(Dataset items)
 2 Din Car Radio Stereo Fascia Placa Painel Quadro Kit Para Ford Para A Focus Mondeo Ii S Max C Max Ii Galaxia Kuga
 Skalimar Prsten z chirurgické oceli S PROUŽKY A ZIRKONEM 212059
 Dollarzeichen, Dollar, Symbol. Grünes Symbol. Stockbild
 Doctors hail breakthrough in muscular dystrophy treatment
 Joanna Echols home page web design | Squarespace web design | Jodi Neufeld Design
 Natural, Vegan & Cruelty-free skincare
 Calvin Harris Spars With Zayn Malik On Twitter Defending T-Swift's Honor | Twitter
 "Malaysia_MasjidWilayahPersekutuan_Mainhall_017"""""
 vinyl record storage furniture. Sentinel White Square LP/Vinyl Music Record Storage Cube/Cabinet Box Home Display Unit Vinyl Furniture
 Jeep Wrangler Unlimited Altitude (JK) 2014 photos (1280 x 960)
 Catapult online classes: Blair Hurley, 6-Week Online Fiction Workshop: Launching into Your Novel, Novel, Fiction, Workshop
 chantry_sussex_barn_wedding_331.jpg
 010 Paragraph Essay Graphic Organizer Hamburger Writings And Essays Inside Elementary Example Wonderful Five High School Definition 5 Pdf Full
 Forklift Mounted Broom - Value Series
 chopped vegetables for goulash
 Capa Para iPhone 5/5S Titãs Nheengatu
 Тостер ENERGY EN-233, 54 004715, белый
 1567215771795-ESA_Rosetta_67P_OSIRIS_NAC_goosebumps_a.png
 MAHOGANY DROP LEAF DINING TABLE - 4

(Task directions): Your response should hold only an exact copy of the lines above, from the one containing "Joanna Echols home" through the end of the entries.

(Answer space):
 Joanna Echols home page web design | Squarespace web design | Jodi Neufeld Design
 Natural, Vegan & Cruelty-free skincare
 Calvin Harris Spars With Zayn Malik On Twitter Defending T-Swift's Honor | Twitter
 "Malaysia_MasjidWilayahPersekutuan_Mainhall_017"""""
 vinyl record storage furniture. Sentinel White Square LP/Vinyl Music Record Storage Cube/Cabinet Box Home Display Unit Vinyl Furniture
 Jeep Wrangler Unlimited Altitude (JK) 2014 photos (1280 x 960)
 Catapult online classes: Blair Hurley, 6-Week Online Fiction Workshop: Launching into Your Novel, Novel, Fiction, Workshop
 chantry_sussex_barn_wedding_331.jpg
 010 Paragraph Essay Graphic Organizer Hamburger Writings And Essays Inside Elementary Example Wonderful Five High School Definition 5 Pdf Full
 Forklift Mounted Broom - Value Series
 chopped vegetables for goulash
 Capa Para iPhone 5/5S Titãs Nheengatu
 Тостер ENERGY EN-233, 54 004715, белый
 1567215771795-ESA_Rosetta_67P_OSIRIS_NAC_goosebumps_a.png
 MAHOGANY DROP LEAF DINING TABLE - 4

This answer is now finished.